Billed as the "first full picture" of the mass migration after the hurricane, the analysis also found that New Orleans residents displaced to Houston and other cities were more likely to be black, uneducated and poor.
By contrast, those who relocated to the city's suburbs were more likely to be white, educated and well-off.
While many New Orleans leaders had lamented the uneven toll on black residents after Katrina, demographer William H. Grey of the Brookings Institution, one of the study's authors, said it was still surprising to see the data show it in such stark terms.
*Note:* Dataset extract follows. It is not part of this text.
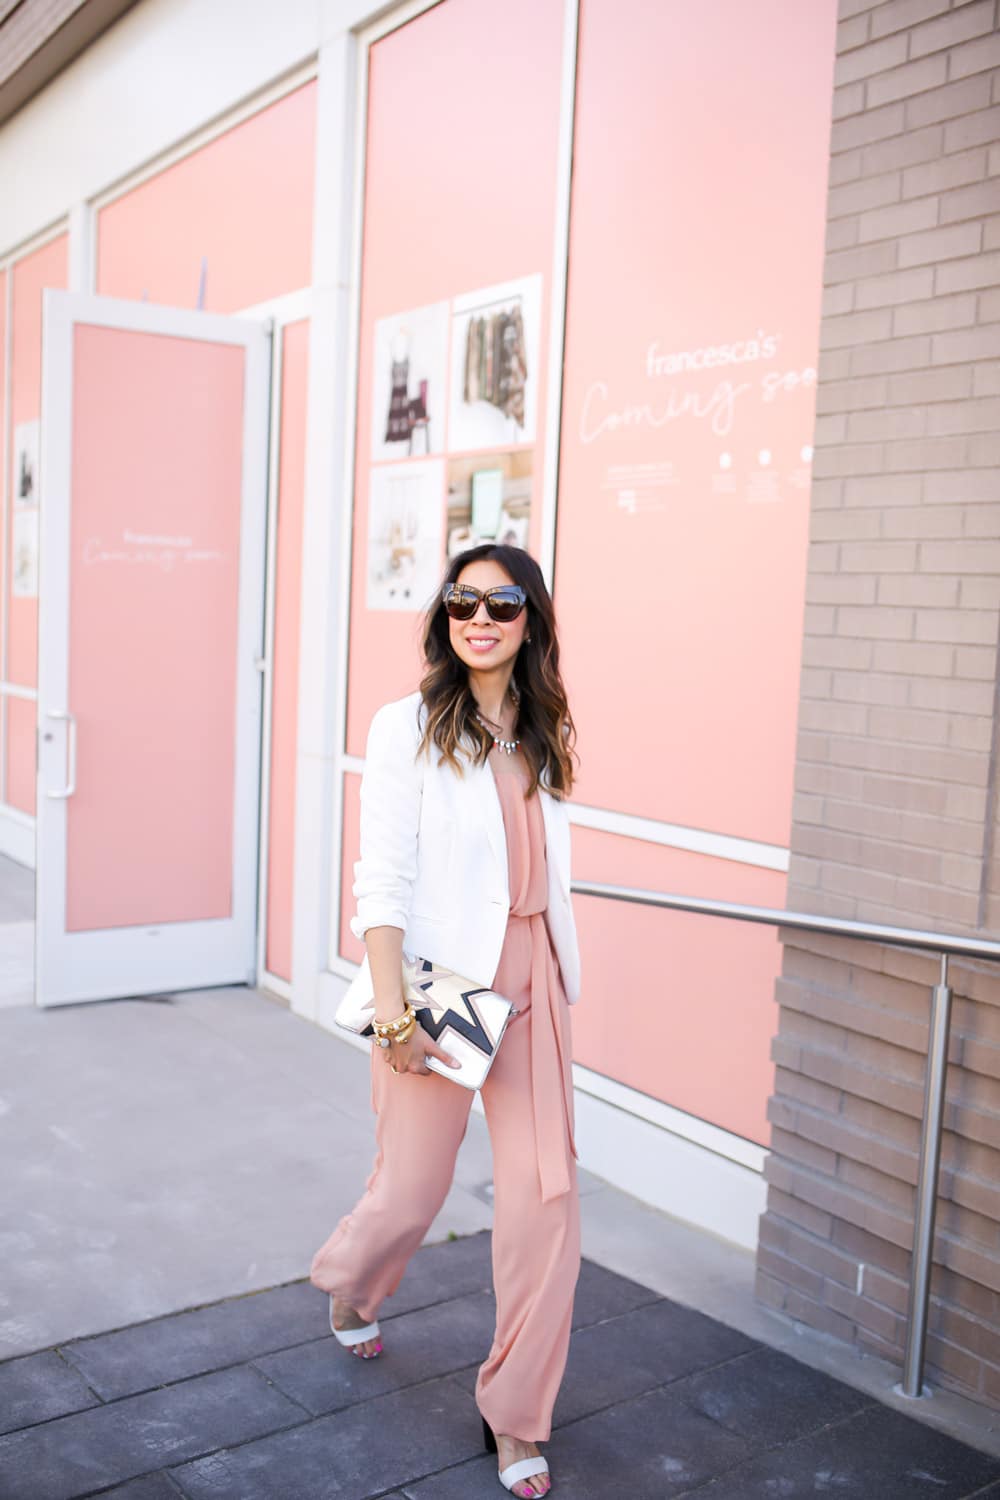 jcrew white blazer, pink jumsuit, miu miu star clutch, HOH chelsea sunglasses, style at any age

The analysis painted a picture of post-Katrina New Orleans as a city notably whiter, older and less populous than it had been during the 2000 census, with fewer children, fewer renters and a more educated citizenry.
However, it also noted that the city was still a "majority minority" city, with blacks making up roughly 58 percent of the population when the federal government's data snapshot was taken last summer.
"The census estimates make plain that the city of New Orleans sustained a much more substantial loss of its black population than of its whites," the demographers concluded, adding, "The black loss, however, was not sufficient to shift the racial composition of the city."
The analysis primarily contrasted data from the U.S. Census Bureau's 2006 American Community Survey and 2006 population estimate with similar information collected as part of the 2000 U.S. census.
One of their more surprising findings, given the anecdotal reports about an influx of Hispanic immigrants since Katrina, was that the Census Bureau's 2006 figures for the city and metropolitan area showed a Hispanic population of just 4 percent to 6 percent, smaller than in 2005.